Study Finds Why Our Brains Flip Over Optical Illusions
People have always been fascinated by optical illusions.
People have always been fascinated by optical illusions. These are images that appear to be one picture for one moment, and then look something entirely different the next.
But scientists, until now, had never quite been able to put a finger on how our brain flips between the two images.
Now researchers from University College London are one step closer to answering why, with the discovery of what may be the relevant brain region.
The precise neural mechanism is unknown but it plays a major role in perception by acting as a sort of reality check, says Ryota Kanai.

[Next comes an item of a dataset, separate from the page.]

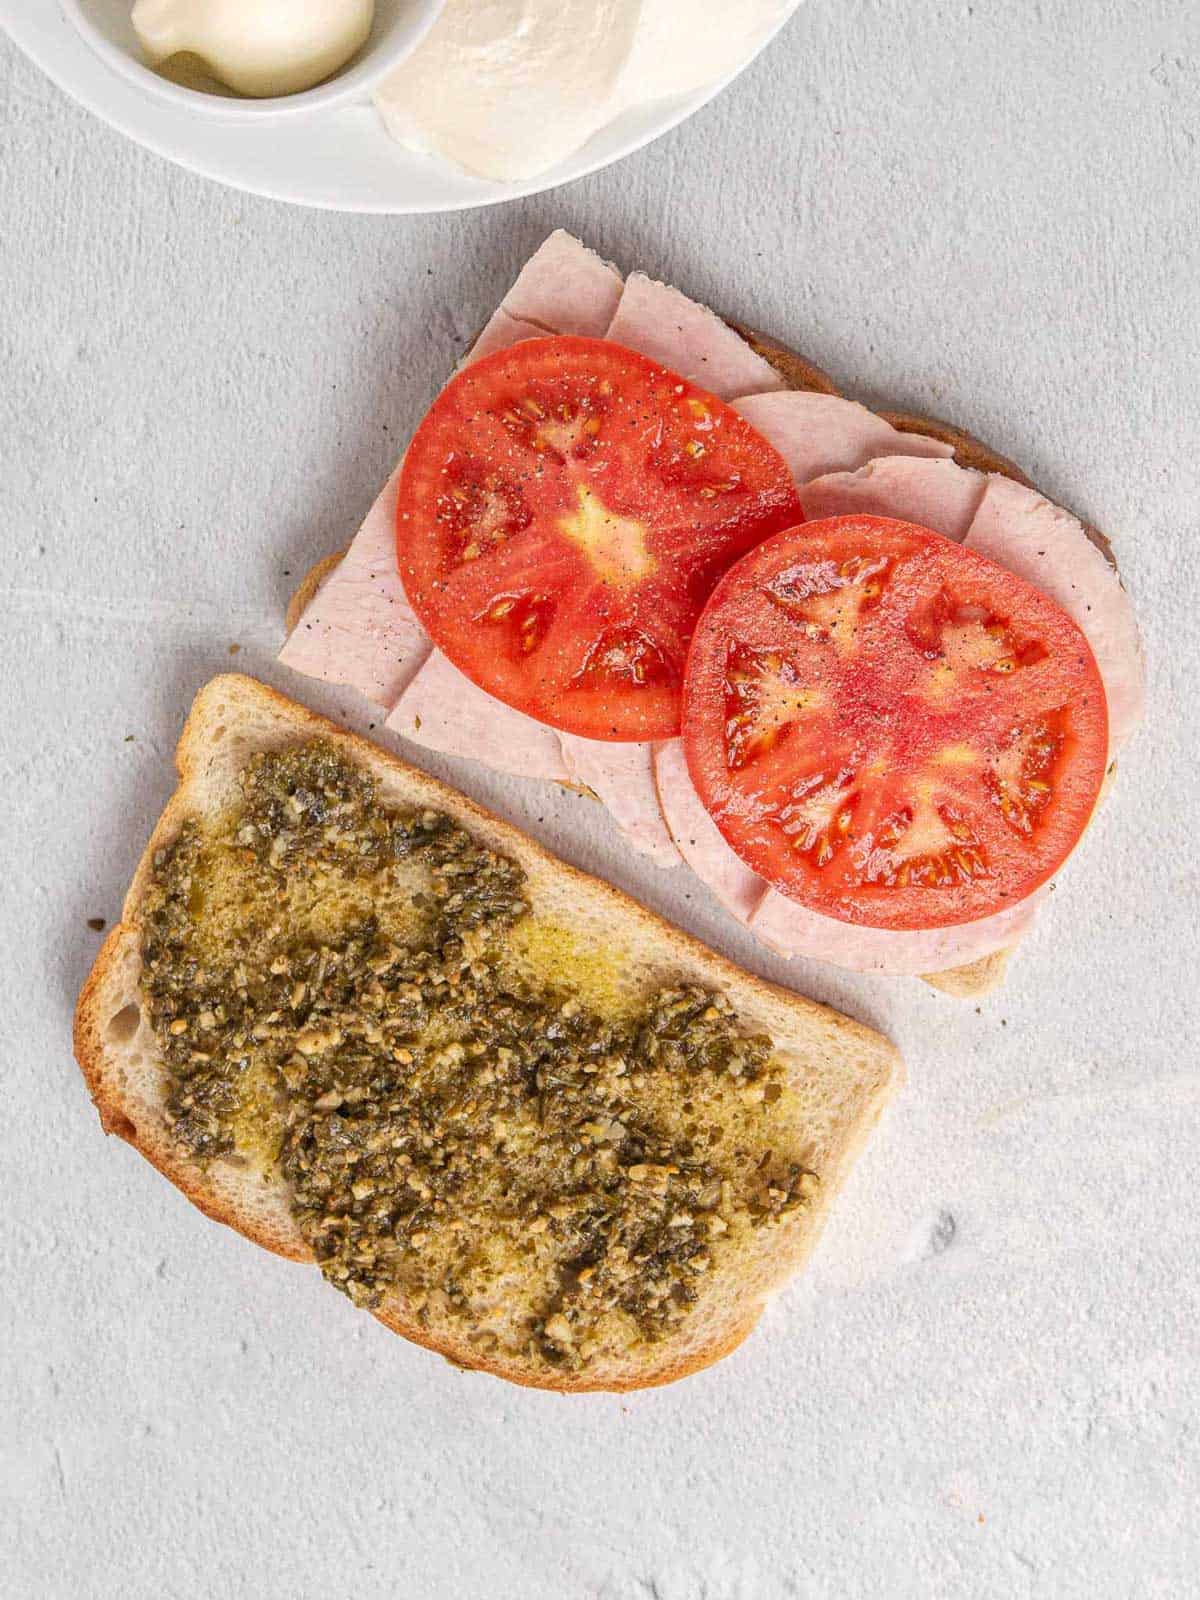 Two pieces of sourdough bread with pesto layered across the top. One one slice of bread, thick slices of turkey are layered on top with tomato slices on top of the turkey. The tomato slices have been salted and peppered.

"We need a trigger to prompt possible different interpretations so that we don't get stuck with a potentially incorrect interpretation of the world," New Scientist quoted Kanai as saying.
The team asked 52 volunteers to watch a video of a revolving sphere and press a button when the rotation of the sphere appeared to change direction.
However, the sphere was not changing direction; it could simply be perceived to be rotating in either direction.
Using MRI, they found that two areas (superior parietal lobes (SPL) towards the back of the head known to control attention and process three-dimensional images were highly active. People whose cortex was thicker and better connected in this region had faster switch rates.
And if either lobe was inactivated, the switch rate slowed down.
So either the SPL is sending a signal to 'reset' the illusion or it could be that people with a large SPL are better at noticing other possible interpretations for the ambiguous sphere, said Kanai.
Andrew Parker at the University of Oxford reckons there is more to be done to confirm that the region is directly involved in provoking these perceptual changes.